Kenya’s biggest economic hurdle right now is its upcoming election. According to a new report (pdf) from the parliament’s budget office released today (May 19th), the general election in August is the “greatest challenge” to the national economy.
Elections are always a time of uncertainty for Kenya. Since independence, the country has held ten elections and several of them have been marred by post-election violence, including the 2007 vote when more than 1,000 people were killed and over half a million displaced.

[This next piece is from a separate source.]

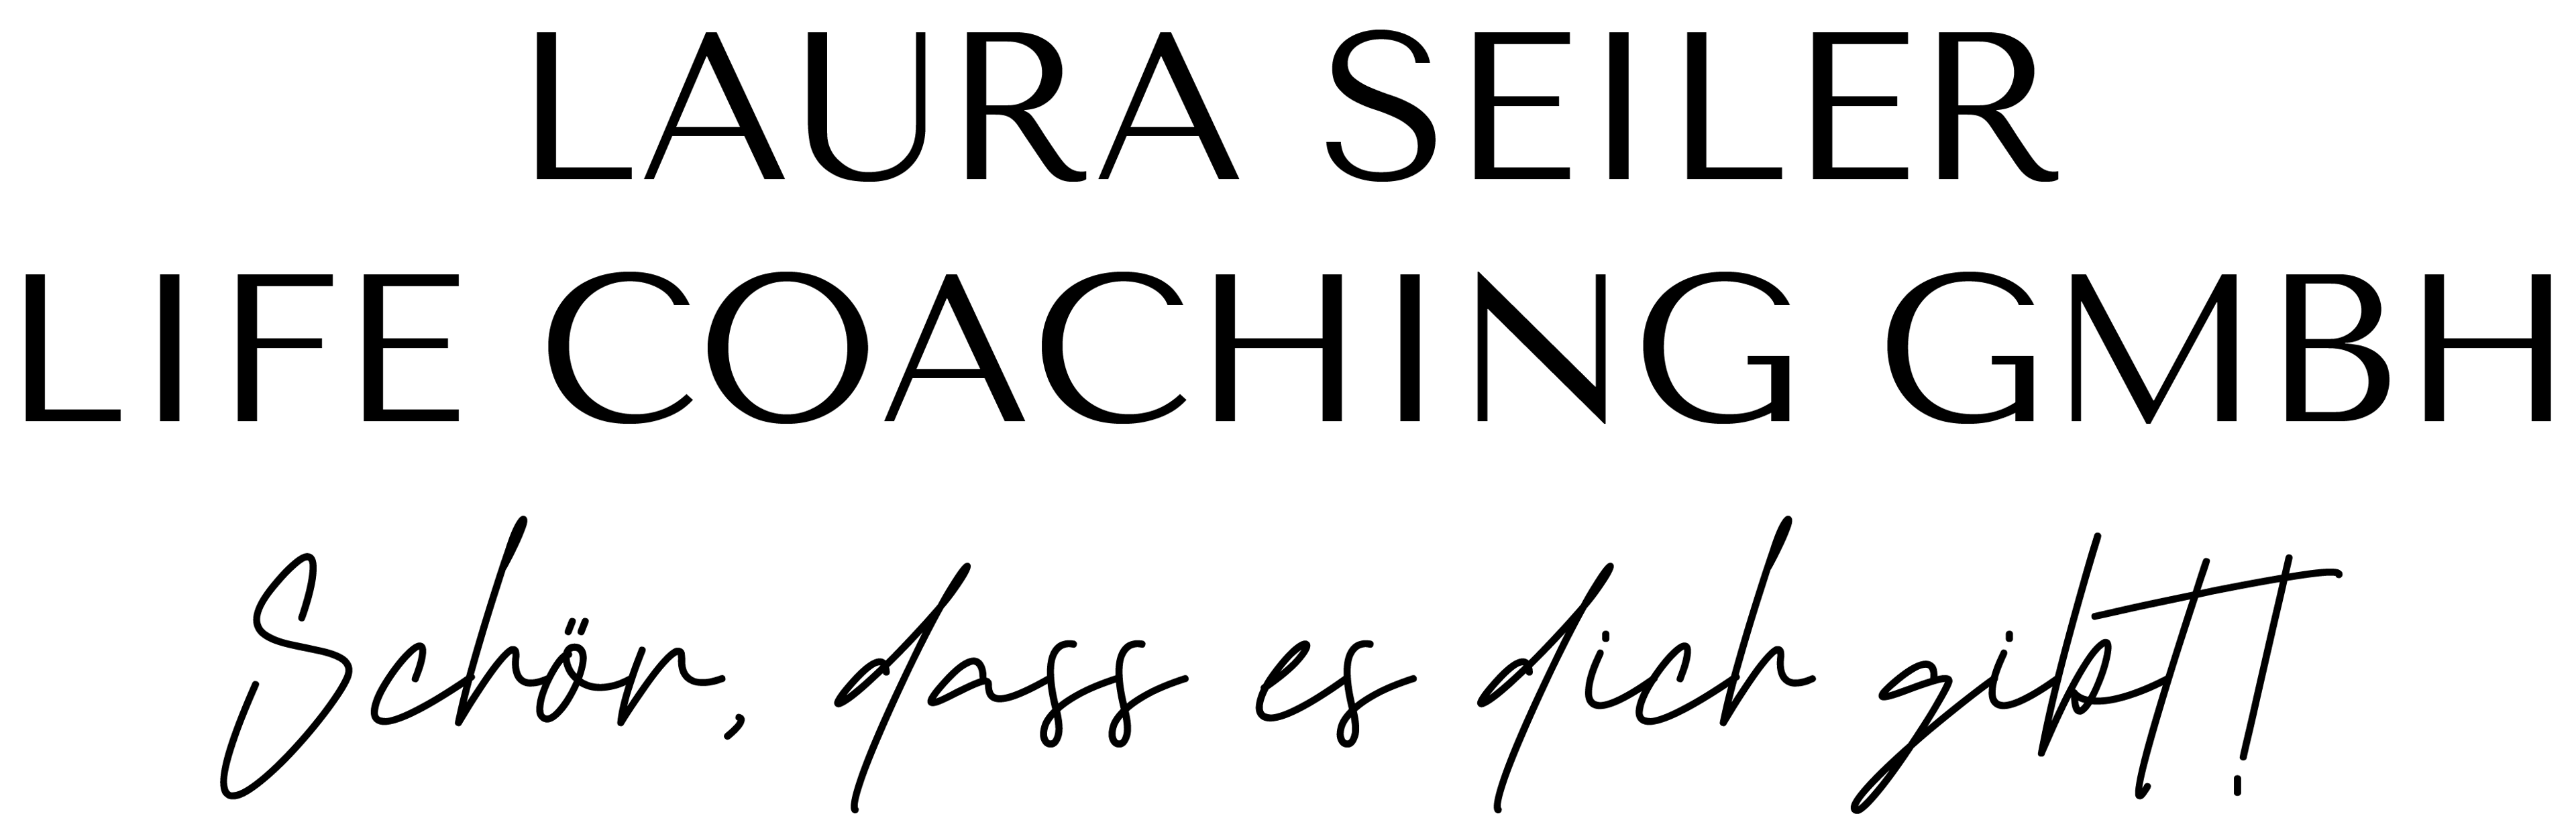 Laura Seiler Life Coaching GmbH Logo

On Monday, supporters of Kenya’s main opposition candidate, Raila Odinga, were tear-gassed and beaten by police during a weekly demonstration.
“The election mood currently being experienced as the country is gearing itself for the 2017 elections have dampened the investment mood of the country as most investors are practicing the wait-and-see approach,” the report says. Current president Uhuru Kenyatta is expected to seek re-election.
The report, by economists and analysts advising the budget office, says that investors are waiting to start new projects or put more money into existing ones. In 2017, the pace of growth should remain flat, at about 5.6%, last year’s rate of expansion. (Officials had previously given an optimistic projection of 6.0%.)
Elections have been bad for the Kenyan economy in the past. The economy has slowed or remained stagnant through three of the five multi-party elections held in Kenya. The economy grew by only 0.2% in 1992, the year of Kenya’s first multi-party election, and only expanded by 0.5% in the 1997 and 2002 elections. (Economic growth also slowed in two of five single-party elections between the late 1960s and the late 1980s.)
There’s some hope that the impact may not be as great this time. During the last election year, 2013, the Kenyan economy actually expanded, a trend reversal that analysts credited to optimism over electoral and governance reforms under a new constitution instituted in 2010.